Minister Flaherty introduced the Government's 2006 Budget today.  The highlights of the tax measures are summarized below.

Business Income Tax Changes

The Budget proposes a reduction of the general corporate income tax rate, in line with the 2005 proposals, of 2 per cent over the next four years.  The general corporate income tax rate will be reduced from the current 21 per cent rate to 20.5 per cent in 2008, to 20 per cent in 2009 and to 19 per cent in 2010.  

Legislation has already been passed eliminating the corporate surtax, which results in an effective 1.12 per cent addition to the corporate income tax rate, for small- and medium-sized corporations as of January 1, 2008.  The Budget proposes to extend this legislation to apply to all corporations. 

The small business deduction limit will be increased from $300,000 to $400,000 as of January 1, 2007.  The federal corporate income tax rate applicable on earnings of Canadian controlled private corporations up to the small business deduction limit will be reduced by 1 per cent over the next 3 years.  The applicable rate will be reduced from the current 12 per cent to 11.5 per cent in 2008 and to 11 per cent in 2009. 

Legislation has already been passed eliminating the capital tax, currently levied at a rate of 0.125 per cent on taxable capital in excess of $50 million, in 2008.  The Budget proposes the elimination of the capital tax effective January 1, 2006.  

Federal capital tax under Part VI of the Income Tax Act is currently levied on financial institutions at a rate of 1.0 per cent on taxable capital employed in Canada between $200 million and $300 million and 1.25 per cent on taxable capital employed in Canada in excess of  $300 million.  Starting July 1, 2006, the federal capital tax on financial institutions will be levied at a single rate of 1.25 per cent on taxable capital employed in Canada in excess of $1 billion.  The changes will be prorated for taxation years that include July 1, 2006. 

The carry-forward period for non-capital losses incurred in taxation years that end after 2005 is extended from 10 years to 20 years. 

The carry-forward period for investment tax credits for scientific research & experimental development, Atlantic investment and mineral exploration earned in taxation years that end after 2005 is extended from 10 years to 20 years. 

The Budget promises to explore allowing corporations which are required, for financial reporting purposes, to report in a functional currency other than the Canadian dollar, to determine income for Canadian income tax purposes in that functional currency.

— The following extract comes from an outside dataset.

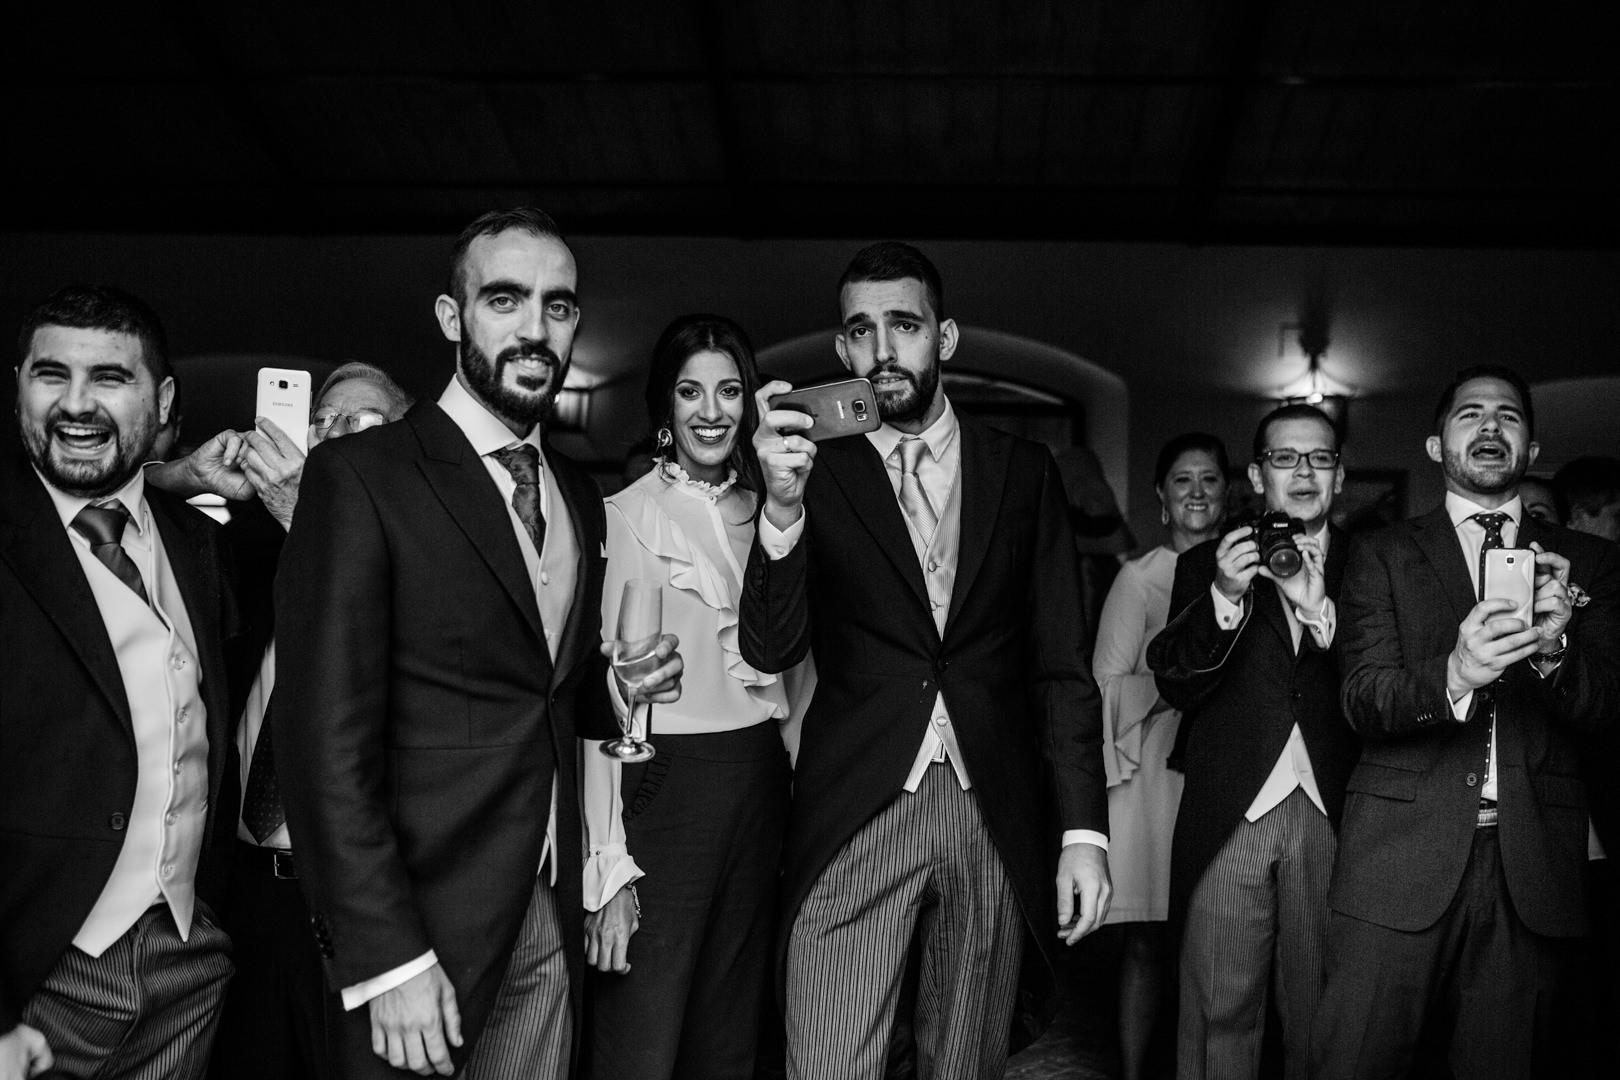 Boda-sevilla-Wedding-engagement-Rafael-Torres-fotografo-bodas-sevilla-madrid-barcelona-wedding-photographer--50.jpg

Goods and Services Tax Changes

The goods and services tax (GST) rate will be reduced from 7 per cent to 6 per cent effective July 1, 2006.  In Nova Scotia, New Brunswick and Newfoundland and Labrador, the harmonized sales tax (HST) rate will be reduced from 15 per cent to 14 per cent on the same date.  Given that the new rate is not effective immediately (which would have been impracticable) it was necessary to provide rules for determining when the new rate will apply to transactions that straddle the July1, 2006 implementation date. 

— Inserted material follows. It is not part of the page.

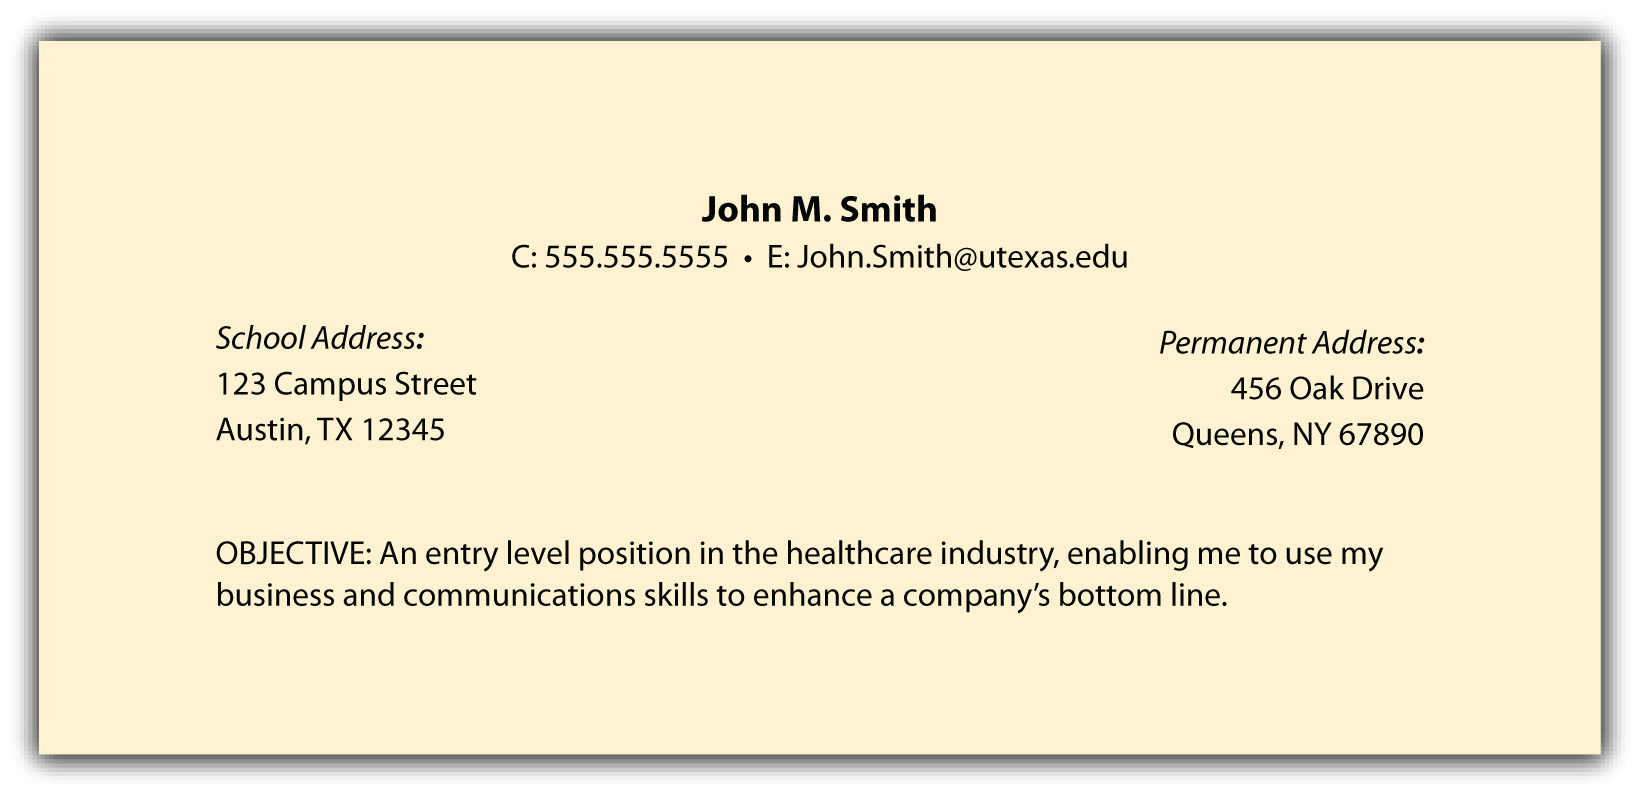 Six Steps To Job Search Success 1 0 Flat World Education

The general rule (applicable to most non-real estate transactions) is that GST applicable to a supply will only be levied at the reduced rate of 6% if that GST was not payable (and was not paid) before July 1, 2006.  The GST payable on the consideration for a supply of a good or service is considered for GST purposes to be due, and thus "payable", on the first to occur of (i) the date the supplier issues an invoice for the supply (or the date appearing on that invoice, if earlier), (ii) the date the supplier would have "but for an undue delay" issued the invoice, and (iii) the date the consideration is due – although, rather curiously, the Budget papers do not mention the "undue delay" rule in (ii) above.  There is a further "override" GST rule (also not mentioned in the Budget papers) that provides that the GST applicable to most sales of tangible personal property is payable no later than the end of the month following the month in which the ownership or possession of the property was transferred to the recipient.  GST on a lease payment becomes payable on the earlier of the day the payment is made and the day the payment is due under the lease.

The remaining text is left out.